Determination of susceptibility to intergranular corrosion of uns 31803 type duplex stainless steel by electrochemical reactivation technique

Arıkan, Mehmet Emin
In the present work the effect of isothermal ageing treatment on the microstructure and on the localized corrosion resistance of a duplex stainless steel (DSS) was investigated. Specimens taken from a hot rolled cylindrical duplex stainless bar with 22% Cr grade were solution annealed at 1050°C and then sensitization heat treatments were conducted at 650, 725 and 800°C with duration ranging from 100 to 31622 min. The microstructural changes were examined by the light optical microscopy (LOM) and scanning electron microscopy (SEM).
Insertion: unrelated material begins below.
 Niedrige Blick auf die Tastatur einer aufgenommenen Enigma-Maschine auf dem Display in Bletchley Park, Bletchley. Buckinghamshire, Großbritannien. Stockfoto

XRD technique and EDS analysis were used for microstructural evolution. Double Loop Electrochemical Potentiodynamic Reactivation (DLEPR) and standard weight loss immersion acid tests were performed in order to determine the degree of sensitization (DOS) to intergranular corrosion. The surfaces remained after the DLEPR test and the weight loss immersion test were also examined to observe the attack locations and their relationship with the chromium depleted zones. The degree of sensitization is measured by determining the ratio of the maximum current generated by the reactivation (reverse) scan to that of the anodic (forward) scan, (Ir/Ia) x 100. Ir is very small (less than 10-5 A/cm2) for solution annealed samples at 1050°C for 1 hr and those aged at 650°C for 100 and 316 min after the solution heat treatment, with the Ir/Ia ratios of 0.027634%, 0.033428% and 0.058928% respectively. Hence these samples were considered as unsensitized and their microstructure was composed of primary ferrite and austenite. However, Ir increased to values as high as 10-2 A/cm2 and even approached Ia for all samples aged for other temperatures and times, associated with high Ir/Ia ratios. The increased degree of sensitization can be attributed to stronger effect of chromium and molybdenum depleted areas. The microstructure was composed of primary ferrite and austenite including also sigma phase and the secondary austenite that would be responsible for the localized chromium impoverishment. The time required for sensitization was shorter in samples aged at higher temperatures. Accordingly ageing times of 1000 min at 725°C and of 316 min at 800°C were sufficient, whereas times longer than 10000 min was needed to achieve a sensitized structure at 650°C.